- Dates: 16–17 June 2012
- Host city: Szekszárd, Hungary
- Venue: Városi Szabadidőközpont
- Level: Senior
- Type: Outdoor
- Events: 37
- Records set: 1

= 2012 Hungarian Athletics Championships =

The 2012 Hungarian Athletics Championships were the 117th edition of the Hungarian Athletics Championships, which took place on 16–17 June 2012 at the Városi Szabadidőközpont in Szekszárd. The competition was organized in remembrance of Ágoston Schulek, a multiple Hungarian champion in pole vault as an active and the president of the Hungarian Athletics Association after his retirement, who died in October 2011.

==Qualification==
Initially, Hungarian athletes who met the qualification standard in each specific event might have taken part at the championships, however, the qualification method was later changed.
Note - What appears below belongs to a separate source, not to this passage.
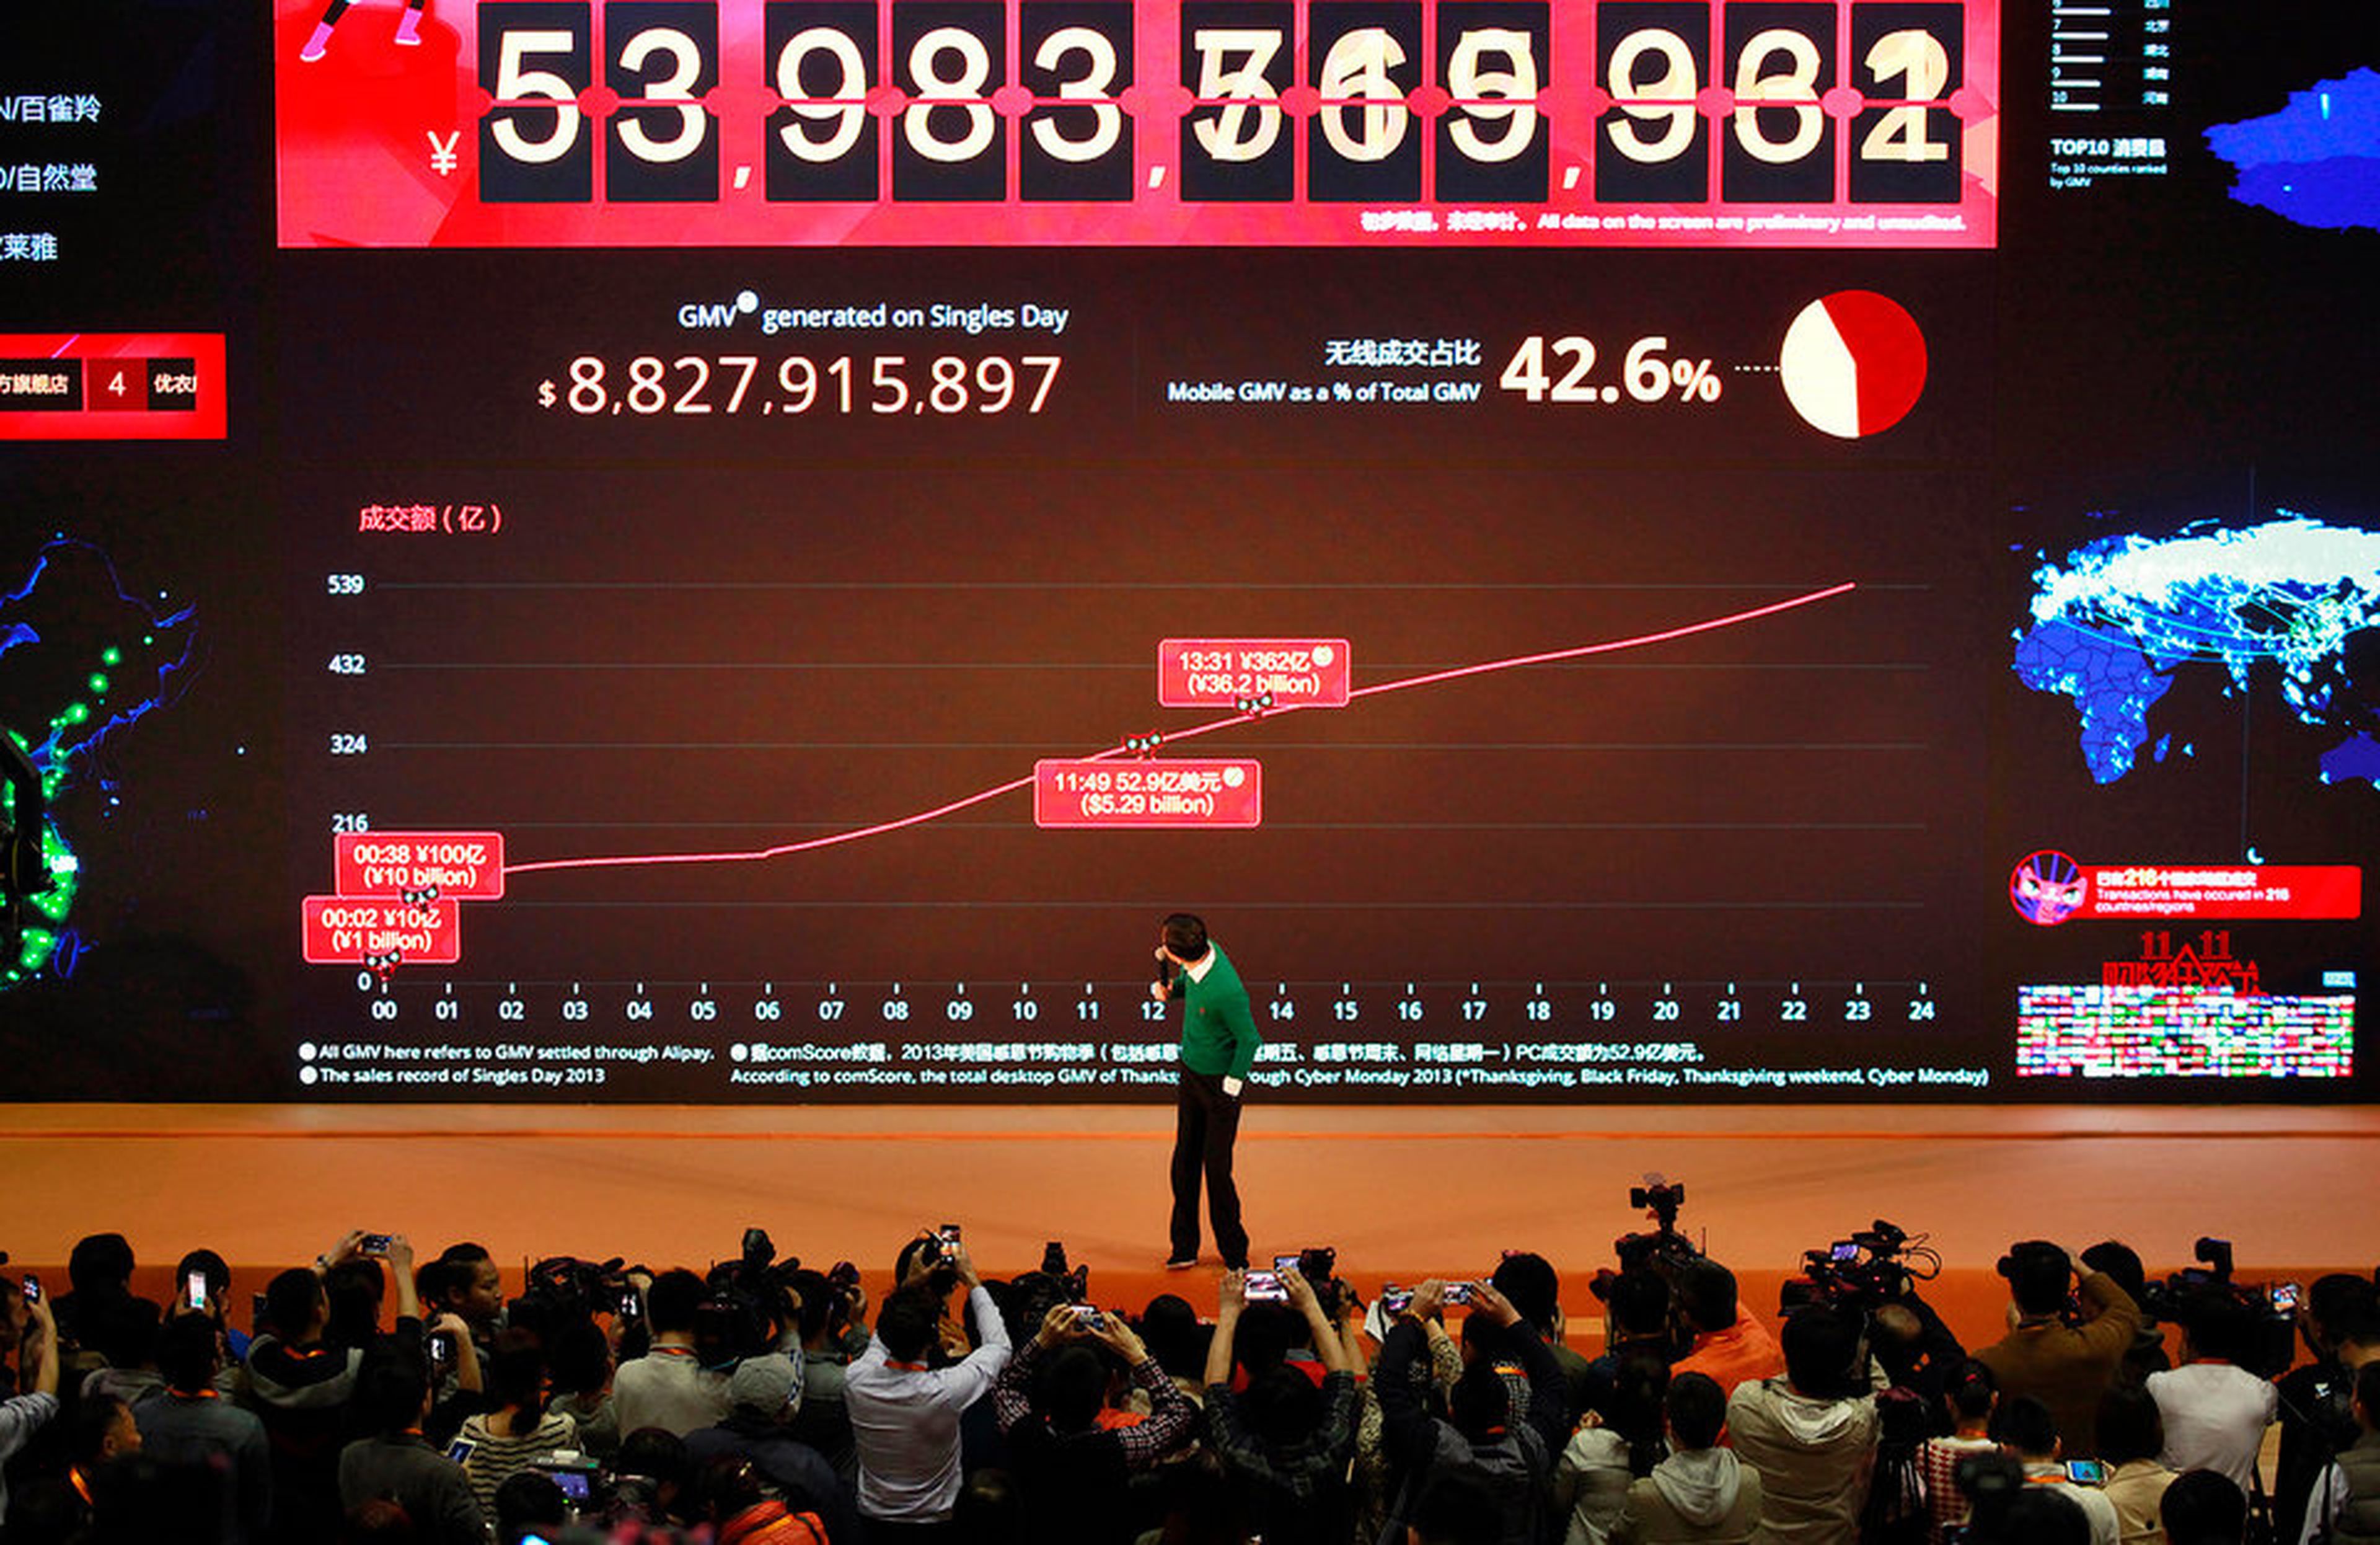 El presidente ejecutivo de Alibaba, Jack Ma, mira hacia la pantalla gigante que muestra el volumen de ventas en tiempo real durante el Día de los solteros.

By the new rules, a limit of competitors was set in each event, that allowed only the highest ranked athletes to participate. In addition, foreign athletes who produced in the calendar year an at least 1000 points performance according to the IAAF Scoring Tables were also eligible for participation. Their achievements, however, did not count toward the official results.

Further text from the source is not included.